The latest overnight migrant activity coincided with a peak-time holiday weekend as the rail operator dealt with heavy passenger and freight demand.
Operation Stack has remained in place in Kent to deal with cross-Channel disruption and police have warned it could continue until Sunday.
'From Eden to Hell'
Kent's police and crime commissioner, Ann Barnes, has called for national funding to deal with Stack, which is when French-bound lorries park on a closed section of the M20 to await crossings.
Lorries have now been parked on the motorway for a total of 19 days over the past three months.
With it currently closed to all but freight between junctions eight and 11, Mrs Barnes said the bill should not be picked up by Kent taxpayers as the situation had become a "chronic national problem". She said Kent had gone from being "Eden to Hell".
And the Freight Transport Association (FTA) told BBC Radio 5 Live that Stack - brought in repeatedly over the summer because of strikes by French ferry workers and migrant disruption to Eurotunnel services - had cost the haulage industry more than £14m in the past three months.
FTA chief executive James Hookham said: "This is the country's GDP and export standing still in these horrendous queues caused by the situation in Calais.
"It is simply not acceptable that industrial action in France can cause such chaos."
He called for Calais to be made a "strike-free zone".
On Friday, talks were held between MPs, Kent County Council, Kent Police, cross-Channel operators and hauliers on how to deal with the disruption.
Ashford MP Damian Green said a contraflow would be introduced on the northbound M20 within days so Kent's traffic could keep moving even while Operation Stack was in place.
He said it was "not a complete solution" and the national government still had a significant role to play in solving the long-term problems, but he hoped it would "diminish the misery" being caused in Kent.
"It makes life completely miserable... people are telling me they're taking two and a half, three hours, to do a 30 minute journey.
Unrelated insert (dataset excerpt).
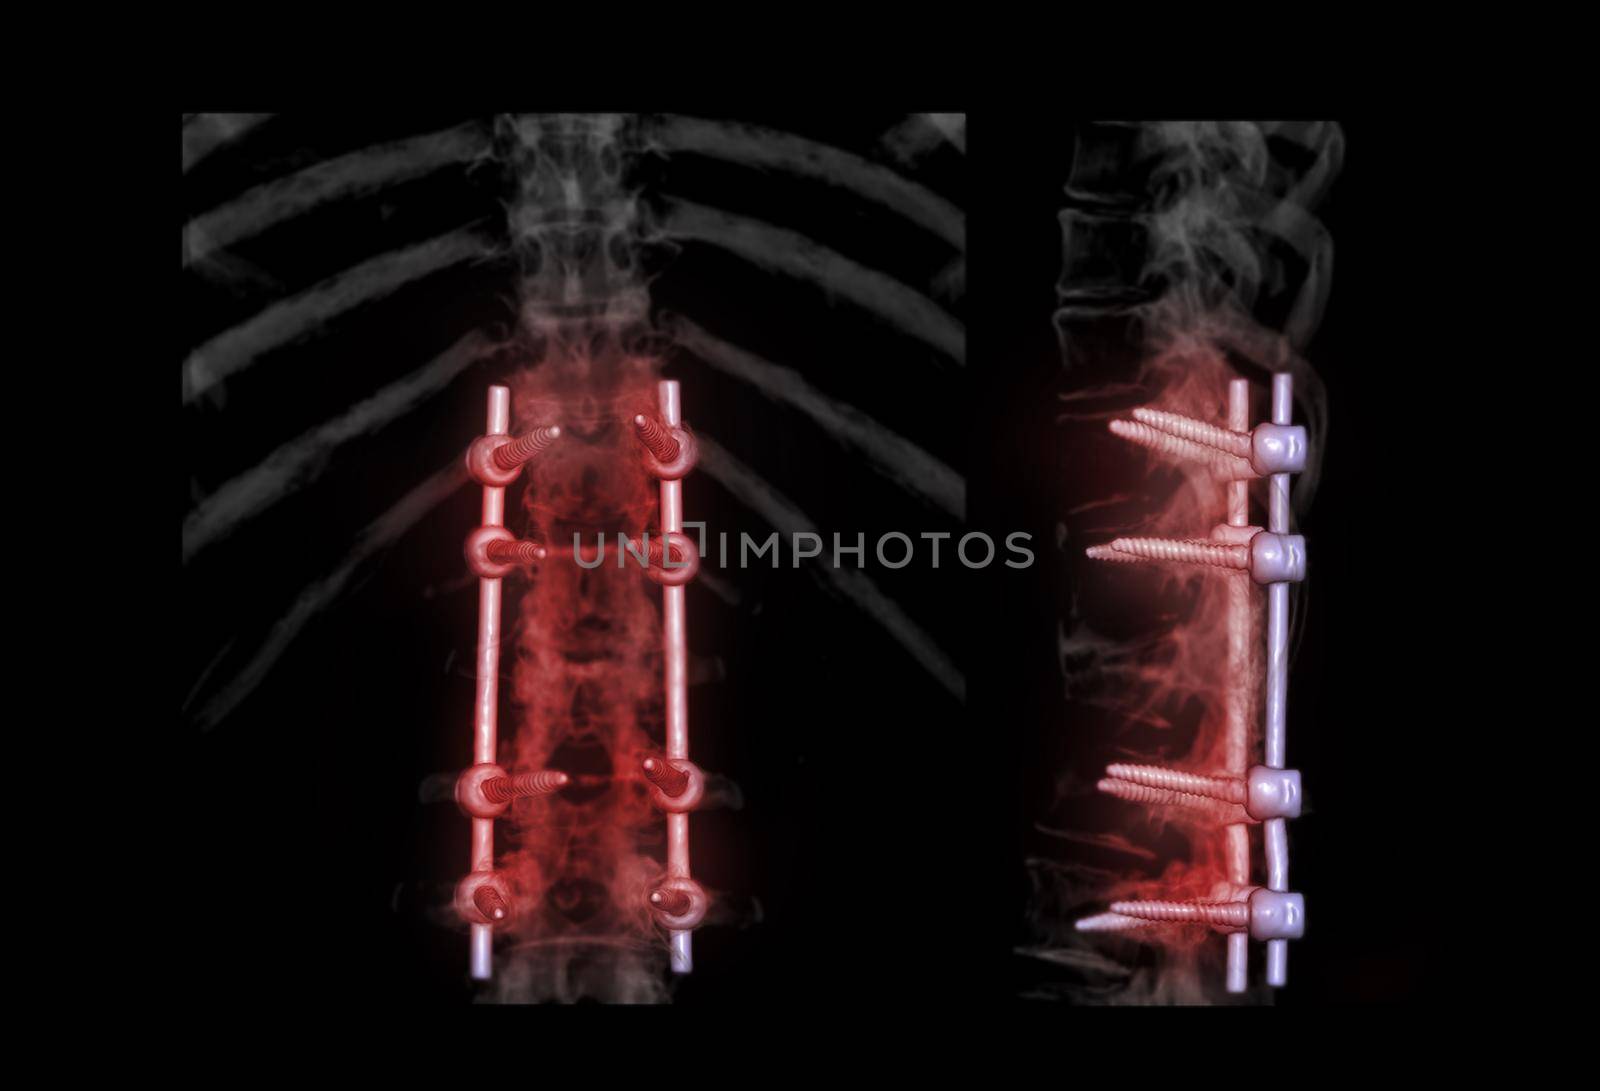 lumbar spine AP and Lateral view for diagnosis spinal canal stenosis and degenerative disc disease showing pedicle screw implant after surgical decompression and spinal fusion. by samunella

Just the normal things of everyday life have been made impossible."
Mr Green also said the French government should be taking more action to deal with industrial action in Calais and that protecting the Eurotunnel terminal at Coquelles was "not an impossible policing task".
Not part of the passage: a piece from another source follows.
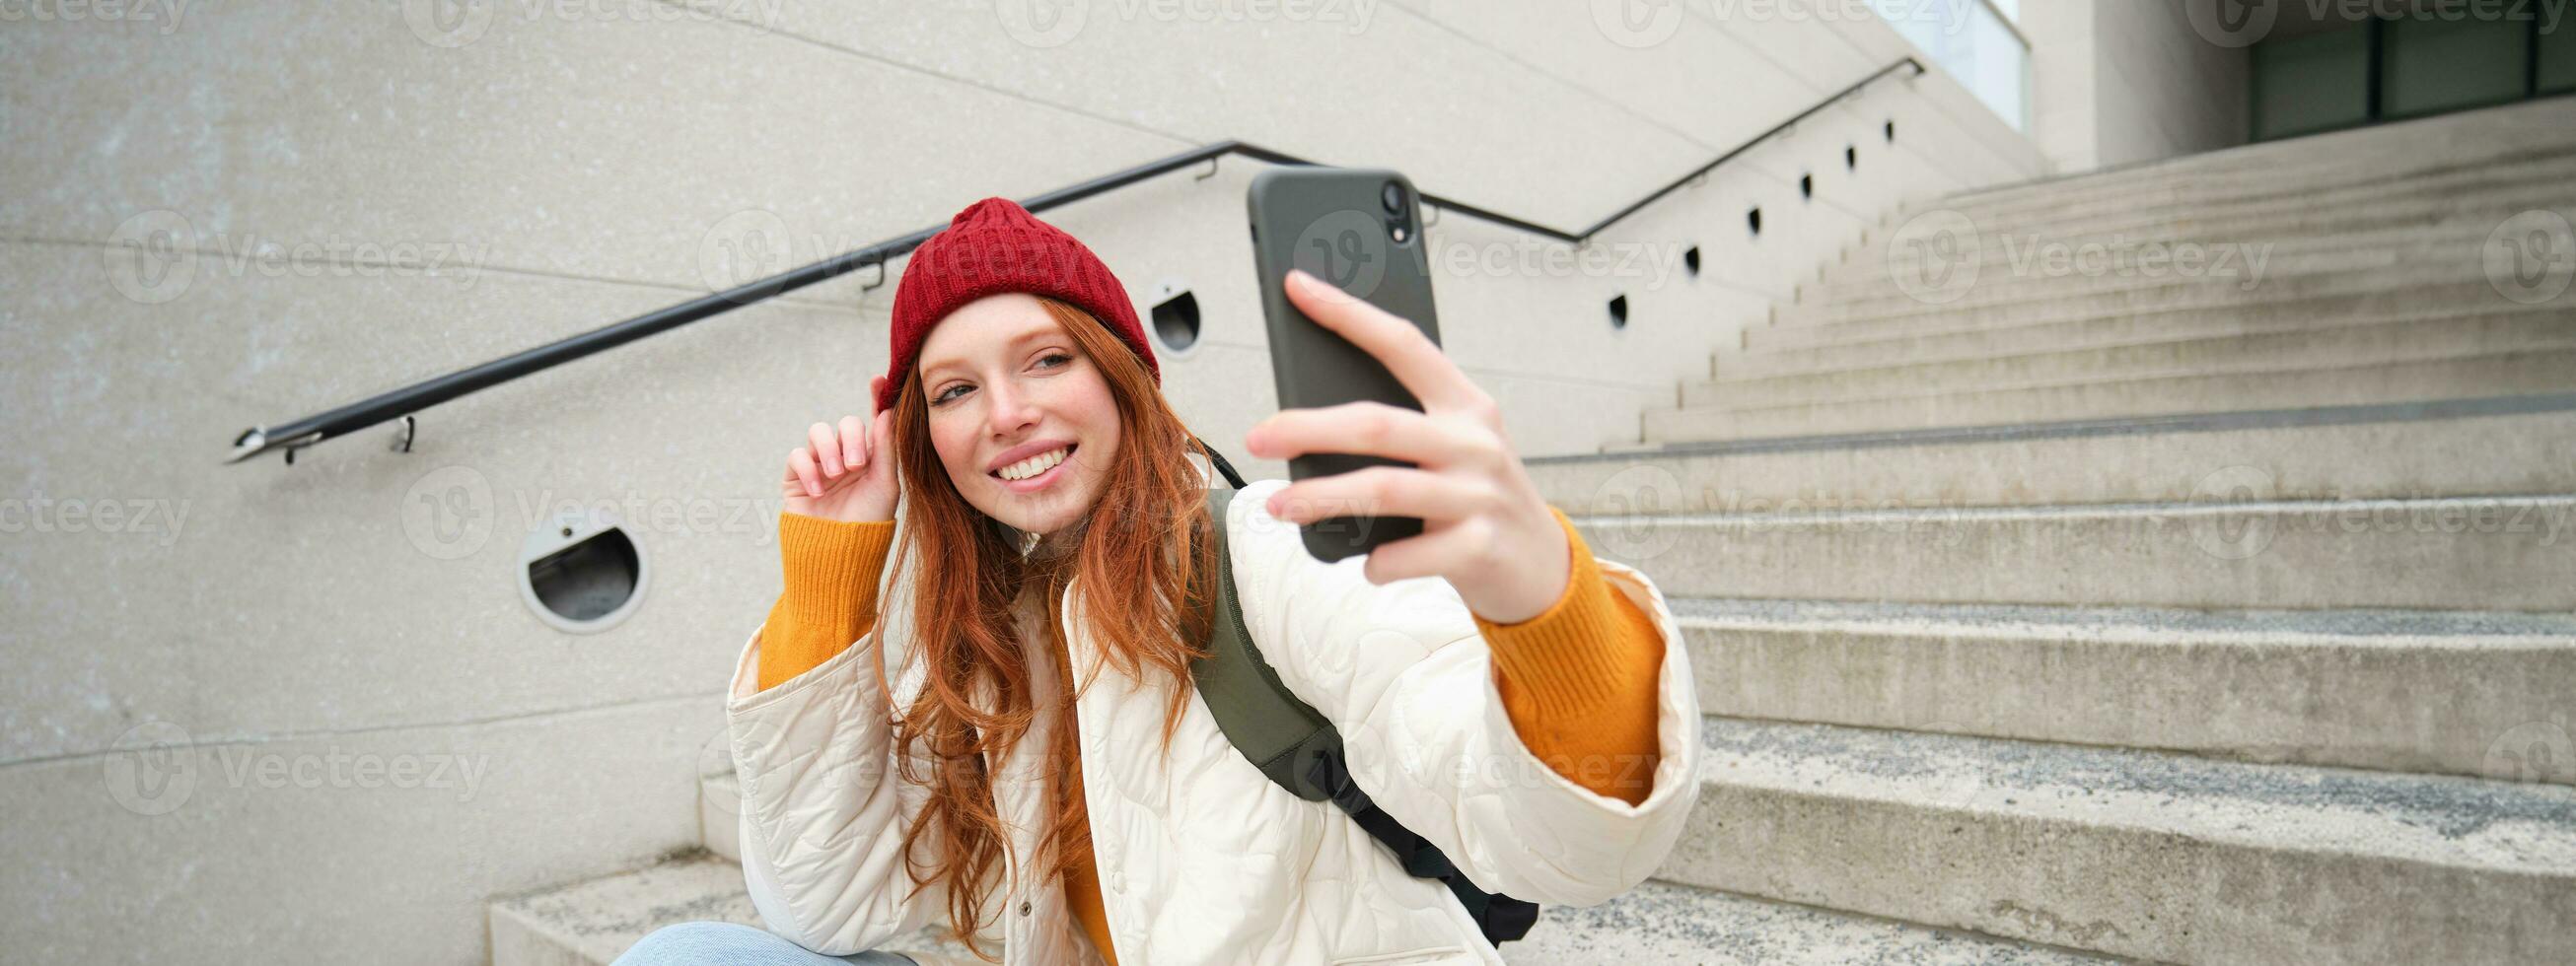 Urban girl takes selfie on street stairs, uses smartphone app to take photo of herself, poses for social media application

He said: "I know our government is urging very hard the French government to meet its responsibilities there."
Eurotunnel has said the cross-Channel problem is an international concern and a "far bigger problem than one small transport company operating across a 30-mile stretch of water".
Mr Keefe said migrants were roaming Calais at will, with the single goal of trying to reach the UK.
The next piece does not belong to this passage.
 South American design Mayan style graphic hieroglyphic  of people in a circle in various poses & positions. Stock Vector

Numbers were growing by 50 to 100 each day, he added.
He raised concerns that thousands of people had arrived in the French town over the winter and numbers would continue at the same rate over the summer.
The increase in numbers came as no surprise following migrant activity in the Mediterranean, he added.
He said: "The only voices are the operators out of Calais - us and the ferries. But this is a European problem. Two governments have been taken by surprise and have not yet reacted."
Eurotunnel has handed out leaflets in migrant camps and put up posters in nine languages around its French base, warning migrants about fast trains, high voltage electricity and moving vehicles.
It is thought there are now about 5,000 migrants in Calais.